Custom prior distribution

Hello

I am solving a problem with definition my own joint prior distribution. This distribution is similar to Uniform but with some “bricks” inside this distributions.

class LogPrior(tt.Op):
    itypes = [tt.dvector] # expects a vector of parameter values when called
    otypes = [tt.dscalar] # outputs a single scalar value (the log likelihood)

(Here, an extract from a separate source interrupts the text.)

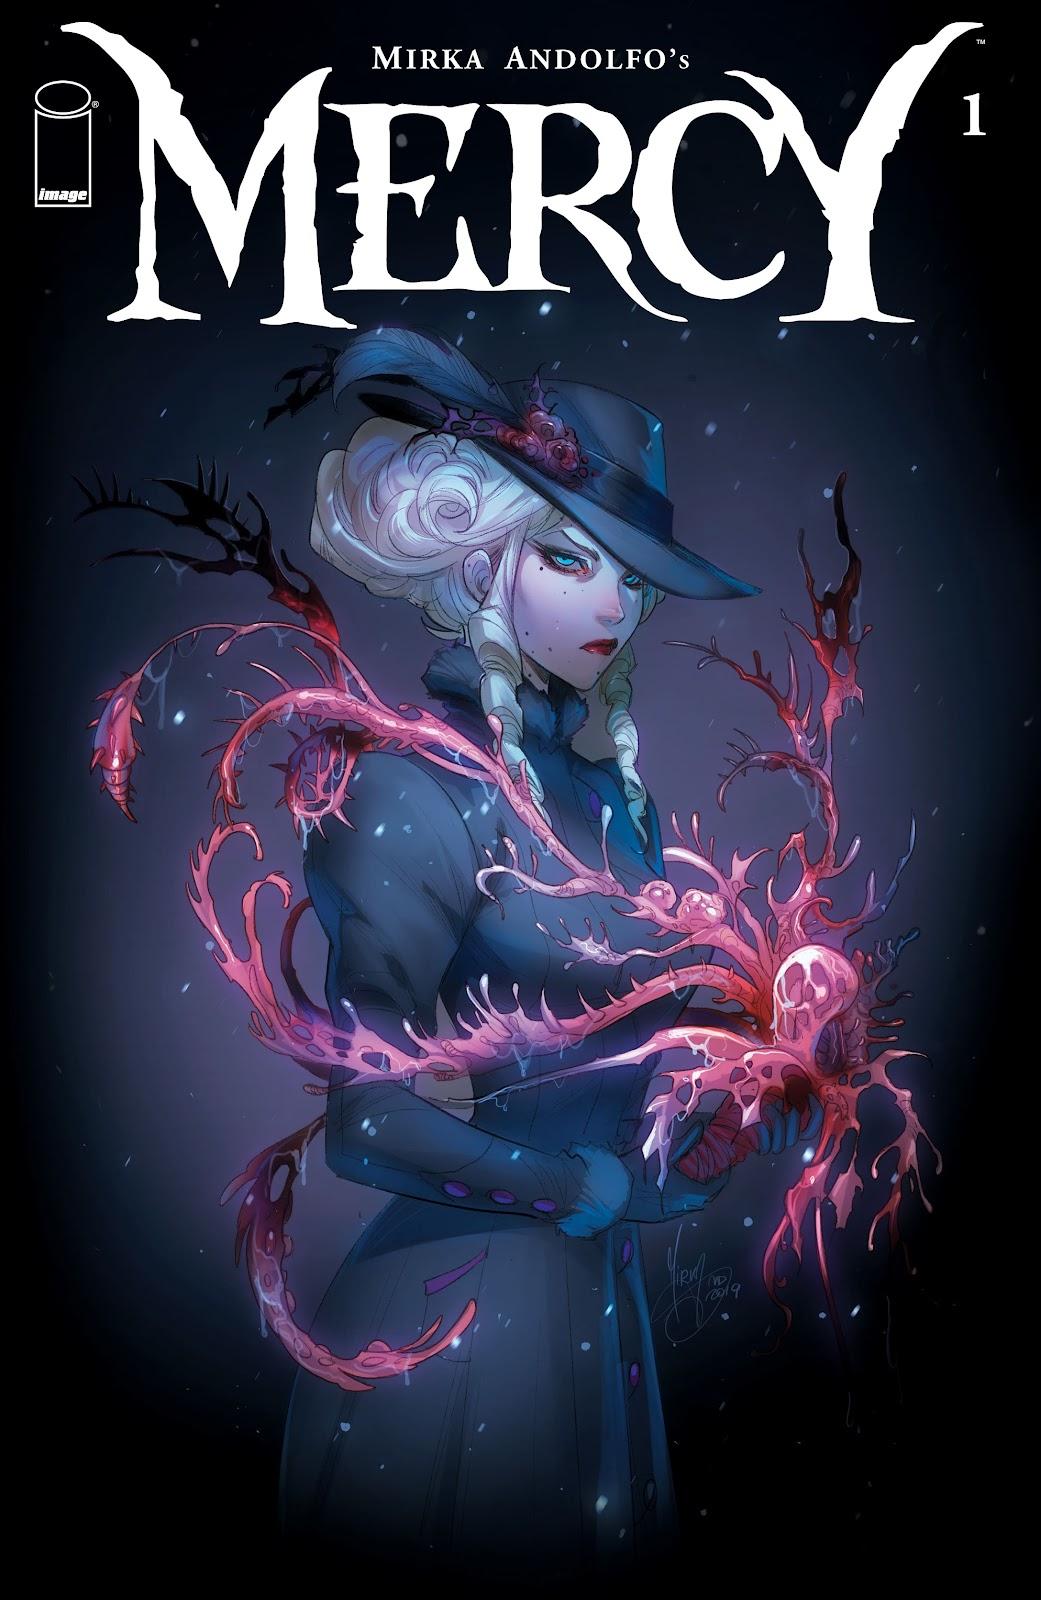 Read online Mirka Andolfo's Mercy comic -  Issue #1 - 1

    def __init__(self, lim):

        # add inputs as class attributes
        self.lim = lim
    
        self.init_x = 38.45;
        self.init_y = 20;
    
        self.size_x = 2.42;
        self.size_y = 12.2;
        self.size_z = 2.54;
        
        self.delta_y = 7.9 + self.size_y;
        self.delta_x = 12.9 + self.size_x;
        
        self.N_x = 12
        self.N_y = 10

    def perform(self, node, inputs, outputs):
        # the method that is used when calling the Op
        coords, = inputs  # this will contain my variables
        coord = np.array(coords)
        xs=coord[0];
        ys=coord[1];
        zs=coord[2];
        # call the log-likelihood function
        logp = None
        # Loop over data points; create box from errors at each point
        if tt.gt(xs,self.lim['x_max']) or tt.lt(xs,self.lim['x_min']) or  \
            tt.gt(ys,self.lim['y_max']) or tt.lt(ys,self.lim['y_min']) or \
            tt.gt(zs,self.lim['z_max']) or tt.lt(zs,self.lim['z_min']):
                is_coord_inside_domain = False;
                logp = -np.inf;
        container_vol = 0;
    
        if logp !=None:
            x = self.init_x - self.delta_x
            for i in np.arange(self.N_x):
                x = x + self.delta_x;
                y = self.init_y - self.delta_y
                for j in np.arange(self.N_y):
                    y = y + self.delta_y
                    if xs>x and xs<x+self.size_x and ys>y and ys<y+self.size_y and zs<self.size_z:
                        is_coord_inside_domain = False;
                        logp = -np.inf;
        
        if logp !=None:
            container_vol = self.N_x*self.size_x*self.N_y*self.size_y*self.size_z;
            domain_vol = (self.lim['x_max']- self.lim['x_min'])* \
                (self.lim['y_max']- self.lim['y_min'])* \
                    (self.lim['z_max']- self.lim['z_min']);
            allowed_vol = domain_vol - container_vol    
            logp = -tt.log(allowed_vol)
        outputs[0][0] = np.array(logp)

But this code do not sample. It return the same value all the time. Could you help me with that?